Se dio el paso

Se elevó el pasado 1 de octubre en Catalunya un frente de dignidad frente a la barbarie de la delincuencia imperialista organizada. Escalofríos de emoción contenida, y a la vez de miedos justificados, nos recorrieron el cuerpo al ver la determinación de un pueblo que plantó cara a hordas desbocadas, repletas de odio, que no podían creerse que el pueblo ocupado les había perdido el miedo.

Se estaban escribiendo en esos precisos instantes las primeras letras del proceso constituyente catalán.

Las hordas extranjeras tuvieron que tocar a retirada, derrotadas por la población autóctona, y retirarse de la calles, tomadas por la determinación de un nuevo sujeto político que ha irrumpido de facto en la escena internacional.

Es lo que nuestra inteligencia emocional, no exenta de componente político, nos dejó en la retina mandando esos estímulos a nuestro cerebro.

Pasados unos días, la inteligencia emocional abre paso a la inteligencia racional.

Aparecen las primeras constataciones: en Catalunya hay pueblo, capacidad efectiva de control del territorio y se confirma que también hay Jefatura de Estado.

Existe en los territorios catalanes un fuerte tejido asociativo que abarca a todas las capas populares y que ha logrado, en base al consenso nacional, un nivel de complicidad inaudito para ponerlo en práctica en la dirección de desarrollar acciones concretas, auto abasteciéndose de medios suficientes para realizarlas, desafiando la autoridad de un gobierno extranjero que hasta entonces tenia la plena potestad para imponer y someter a los autóctonos a sus dictados a través del uso o la amenaza de la violencia.

Ese primero de octubre de 2017 acabó con el mito de la desobediencia.
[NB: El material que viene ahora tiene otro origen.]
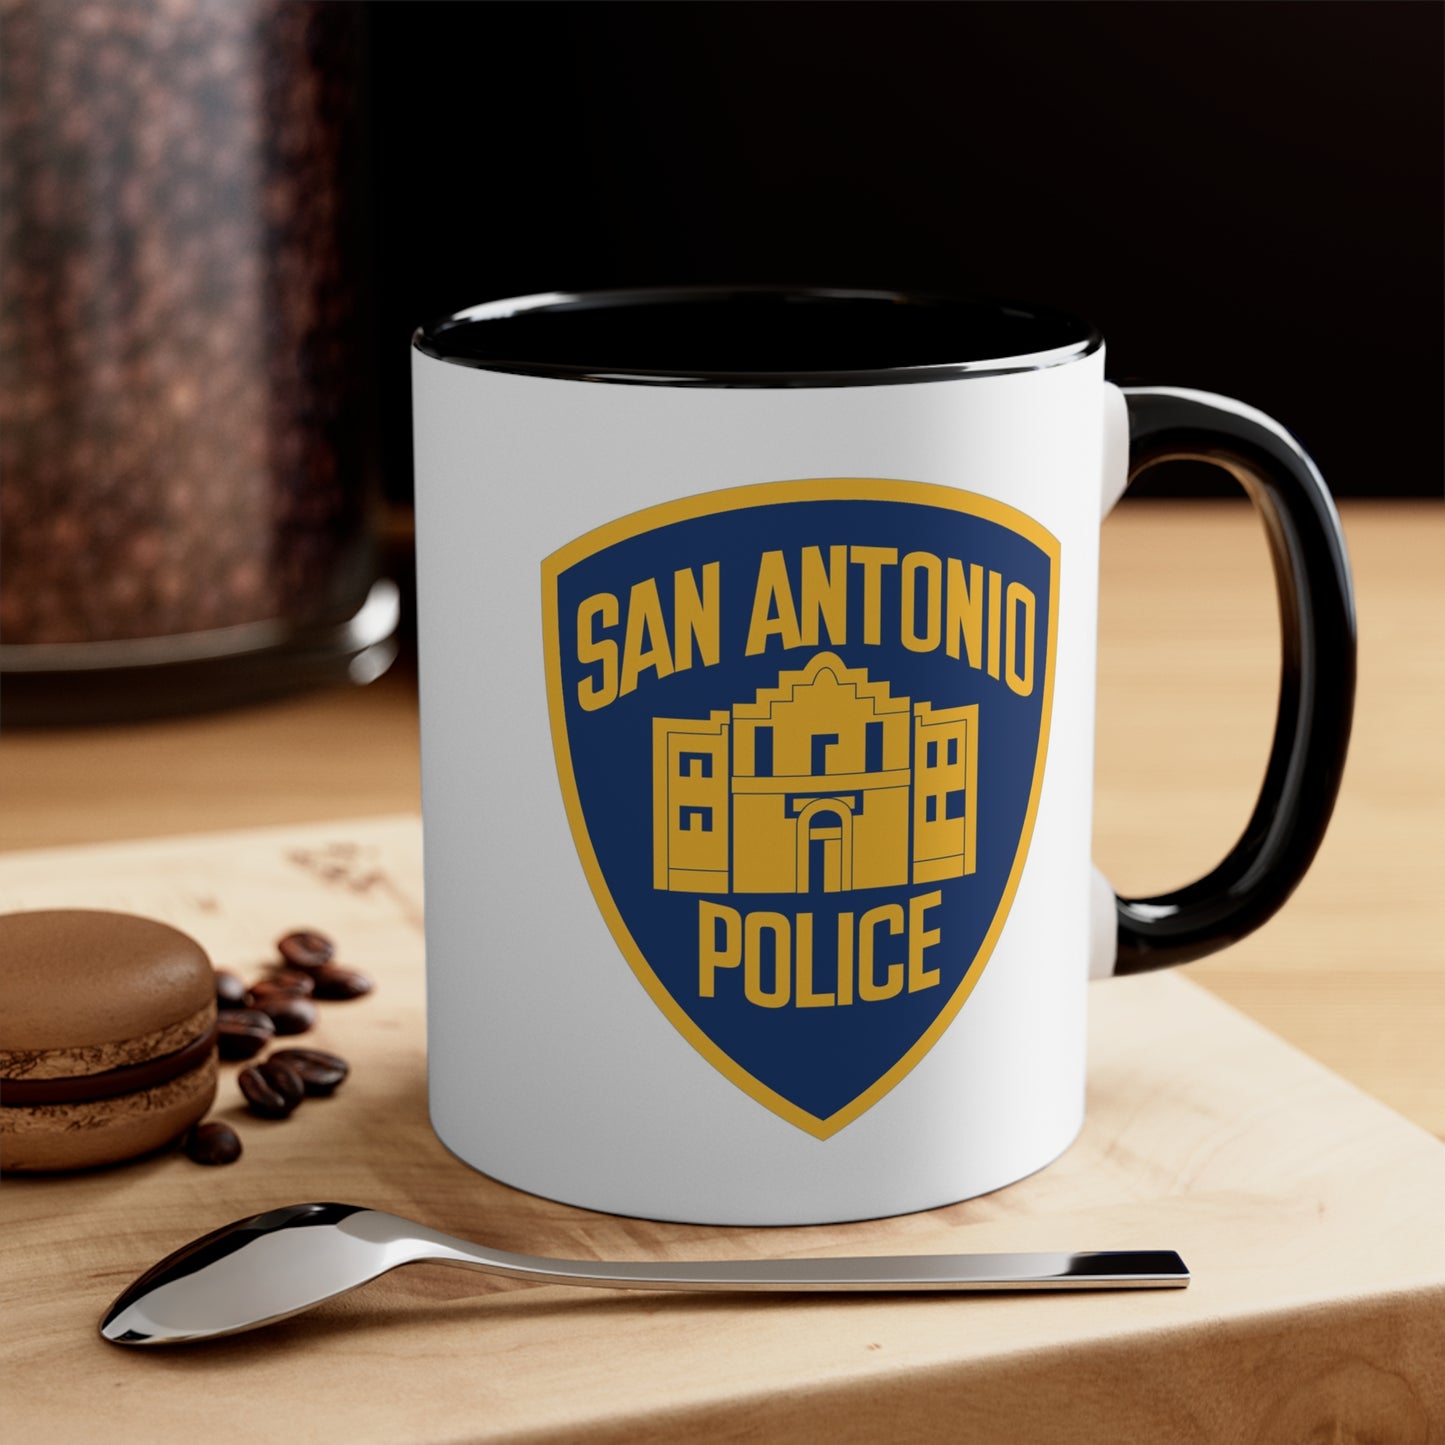 San Antonio Police Coffee Mug - Double Sided Black Accent White Ceramic 11oz by TheGlassyLass.com

El pueblo catalán ha demostrado que obedece, obedece a las autoridades que considera suyas, y por lo tanto, legitimas.

El acto de obedecer a una institución propia da por hecho que se desobedece a la institución que se considera ilegal y extranjera, eso se demostró con hechos, no con declaraciones. Catalunya nos ha dado una gran lección en este sentido.
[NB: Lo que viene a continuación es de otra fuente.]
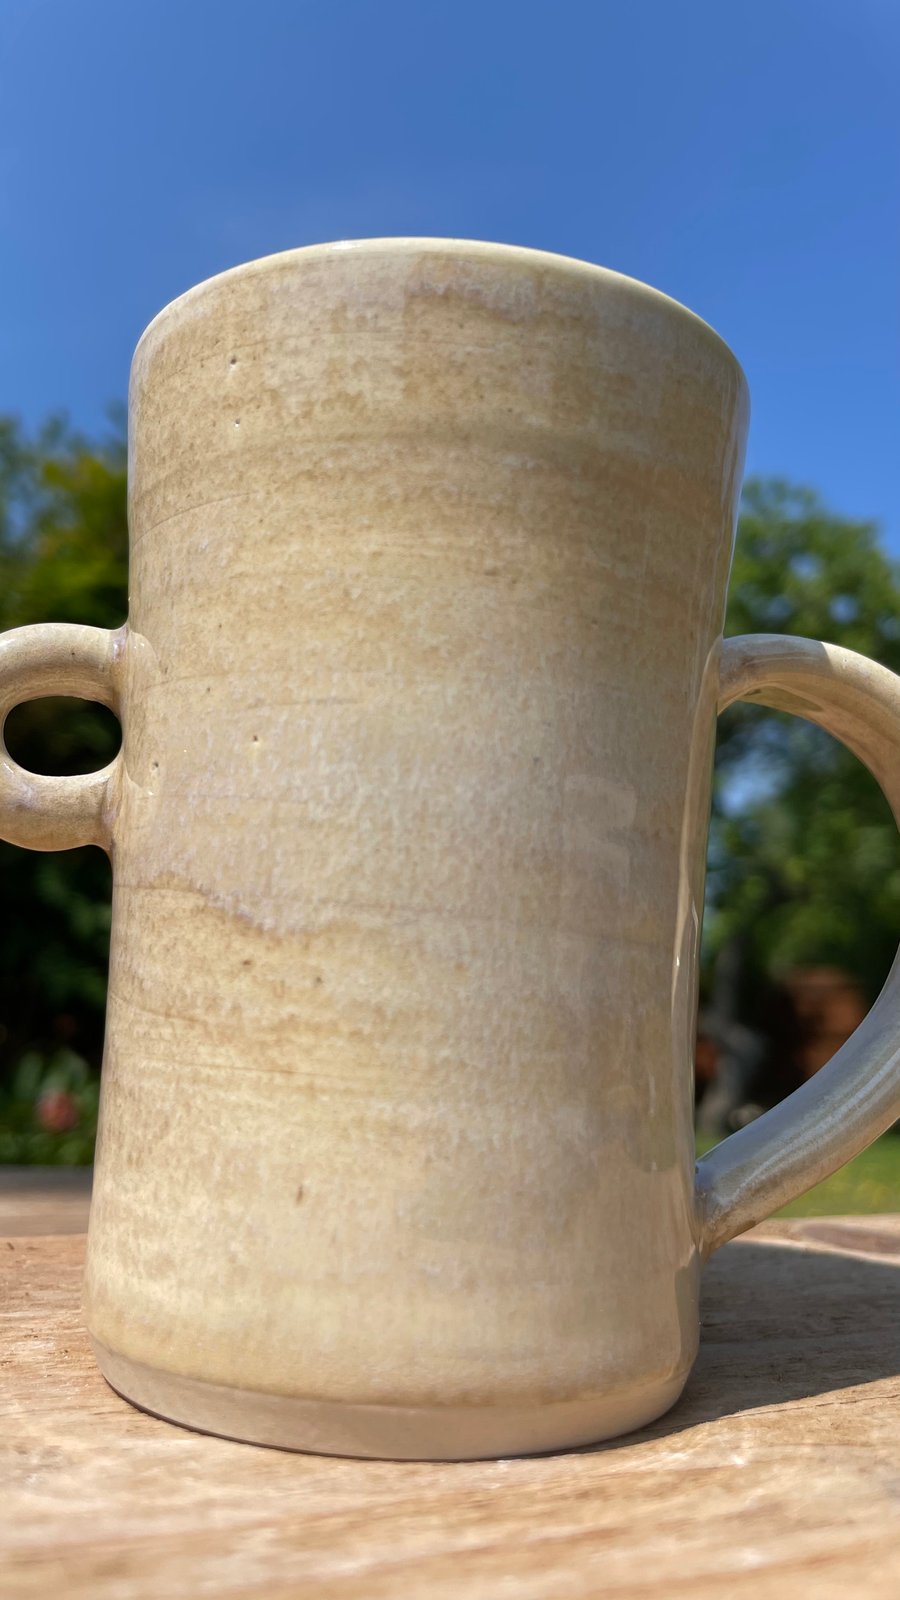 MadeWithMud DigniTEA Mug with side loop support

Para ello, tuvieron que acabar con la pseudo-cultura política de la insumisión y la desobediencia e instalarse en la de la obediencia a las orientaciones provenientes de una autoridad propia.

Sólo se puede dar dicha situación, si previamente, existe dicha autoridad que brote de la fuerza popular y se convierta en la referencia política y el embrión de la auto-institucionalización del poder político que emana de ese pueblo.
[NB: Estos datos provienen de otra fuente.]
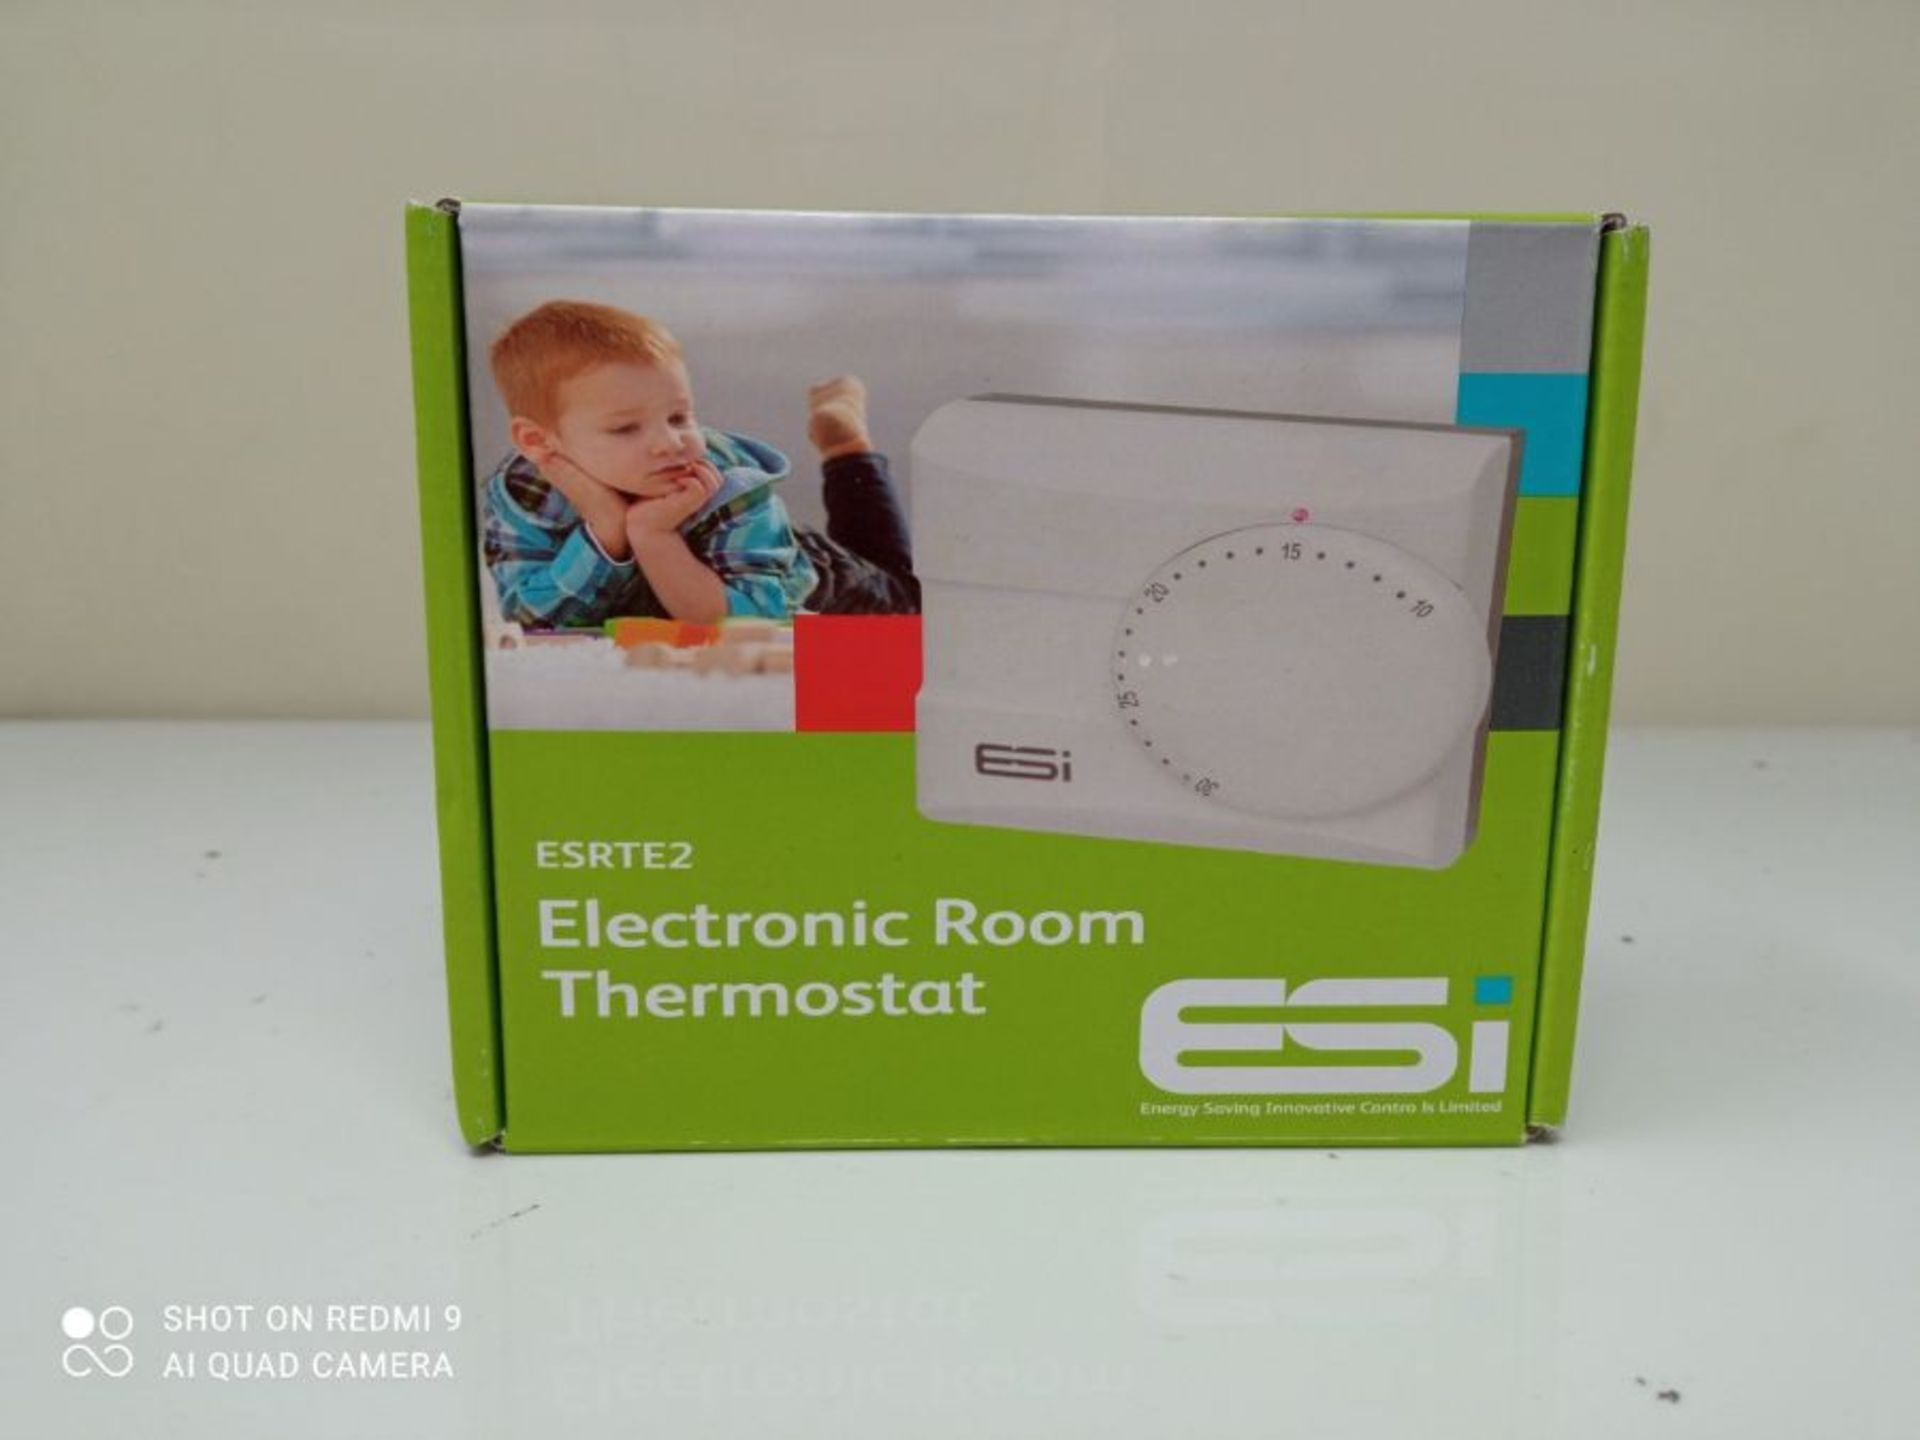 ESI - Energy Saving Innovation Controls ESRTE2 Electronic Room Thermostat - Image 2 of 3

Es lo que el pueblo catalán, y este mismo medio de comunicación, vislumbró y efectivamente, se confirma que así es.

El día diez de octubre, en el aún parlamento autonómico de Catalunya, las condiciones políticas para el nacimiento de un nuevo Estado estaban lo suficientemente engrasadas para dar inicio al proceso constituyente del nuevo Estado sin ningún tipo de equívoco en base a un Mandato popular claro y conciso de millones de catalanes que consiguieron tomar la plaza y controlar en su totalidad el territorio del Estado catalán, en todos los ámbitos.

El imperialismo, desencajado y desarbolado, contra las cuerdas, supo que de ejecutarse ese Mandato popular en forma de declaración solemne ante la opinión internacional, donde todos los focos mundiales apuntaron a esa cámara, suponía la perdida de un territorio que ocupó de manera ilícita y delictiva durante estos últimos tres siglos. Su resistencia a perderlo se ha manifestado en toda su crueldad con los métodos a los cuales siempre han recurrido en toda su historia y los resultados cosechados indican que van a ser exactamente los mismos que los que cosecharon en Cuba o en Filipinas.

El momento cumbre llegó ese 10 de octubre y el representante encargado de dar solemnidad al Mandato en forma de declaración, ante el estupor de los medios internacionales, de todos  los pueblos del planeta pendientes de dicha declaración y la de su propio pueblo conteniendo el aliento ante un momento único, rechazó la realidad y declaró ante el mundo que su pueblo no es aún mayor de edad.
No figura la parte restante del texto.